ECLI:NL:RBZWB:2024:2427
Rechtbank Zeeland-West-Brabant
- Eerste aanleg - enkelvoudig
- T. Peters
- Rechtspraak.nl
Beroep tegen WOZ-waarde van onroerende zaak en aanslag onroerendezaakbelastingen
In deze uitspraak van de Rechtbank Zeeland-West-Brabant, gedaan op 12 april 2024, wordt het beroep van de belanghebbende tegen de uitspraak op bezwaar van de heffingsambtenaar van de gemeente Goirle beoordeeld. De heffingsambtenaar had de waarde van de onroerende zaak, een woning gelegen aan [adres 1] te [plaats], vastgesteld op € 523.000 per 1 januari 2021. Na bezwaar werd deze waarde verlaagd naar € 502.000. De belanghebbende is het niet eens met deze waardebepaling en stelt dat de waarde maximaal € 312.428 zou moeten zijn. De rechtbank heeft op 1 maart 2024 de zaak behandeld, maar de belanghebbende was niet aanwezig, ondanks een correcte uitnodiging. De rechtbank heeft de feiten en argumenten van beide partijen in overweging genomen.

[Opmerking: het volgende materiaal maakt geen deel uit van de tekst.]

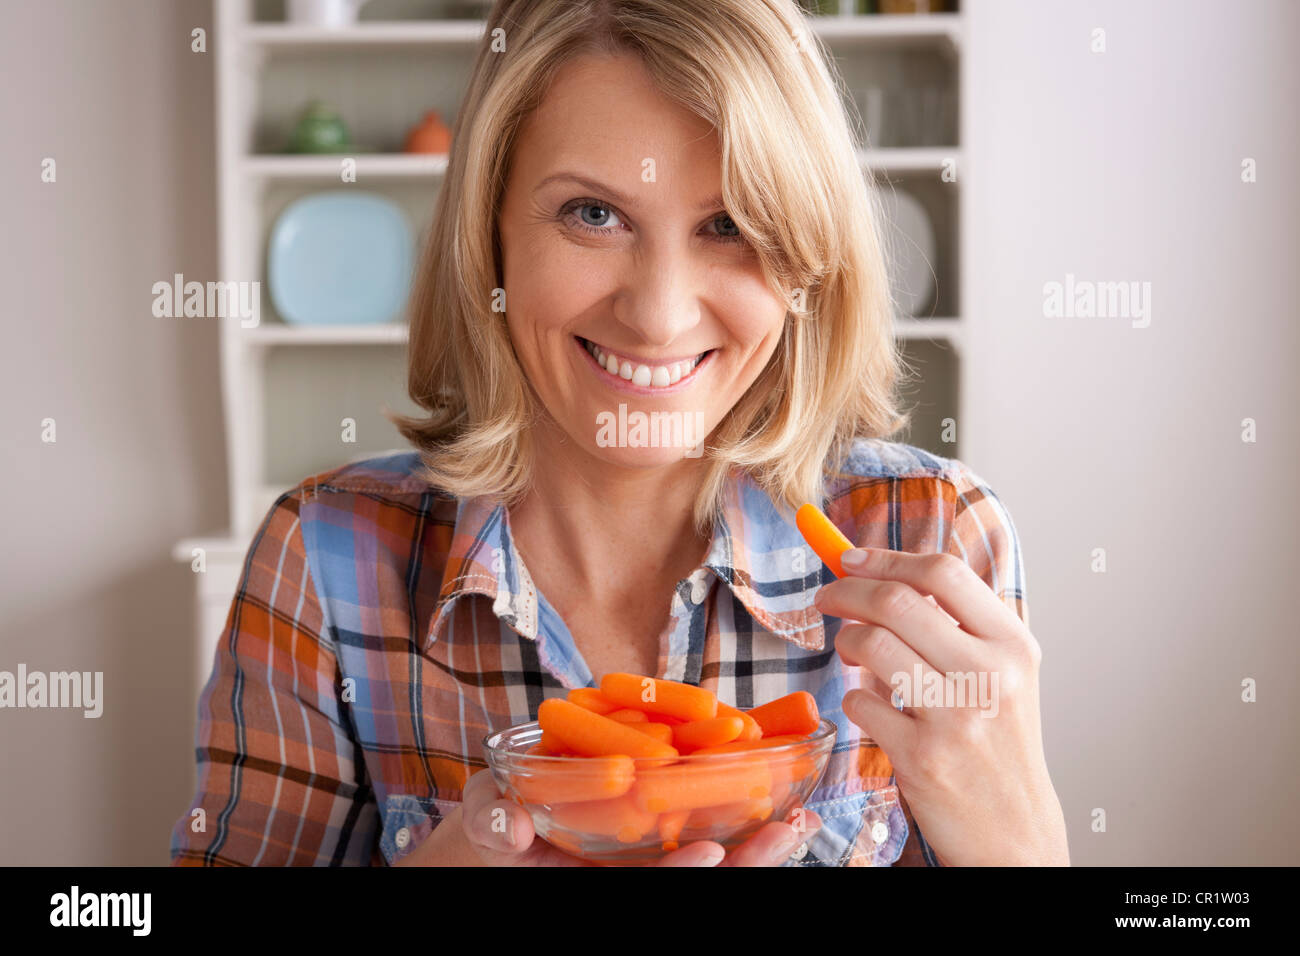 USA, Californie, Los Angeles, Portrait of mid adult woman avec bol de carottes Banque D'Images

De rechtbank concludeert dat de heffingsambtenaar de waarde van de woning niet te hoog heeft vastgesteld. De rechtbank heeft vastgesteld dat de heffingsambtenaar voldoende rekening heeft gehouden met de objectkenmerken en de erfdienstbaarheid. De waarde is bepaald aan de hand van de vergelijkingsmethode, waarbij de verkoopopbrengst van vergelijkbare woningen is gebruikt. De rechtbank oordeelt dat de referentiewoningen voldoende vergelijkbaar zijn en dat de heffingsambtenaar de verschillen adequaat heeft onderbouwd. Uiteindelijk verklaart de rechtbank het beroep ongegrond, waardoor de WOZ-waarde en de aanslag onroerendezaakbelastingen gehandhaafd blijven. De belanghebbende komt niet in aanmerking voor vergoeding van griffierecht of proceskosten.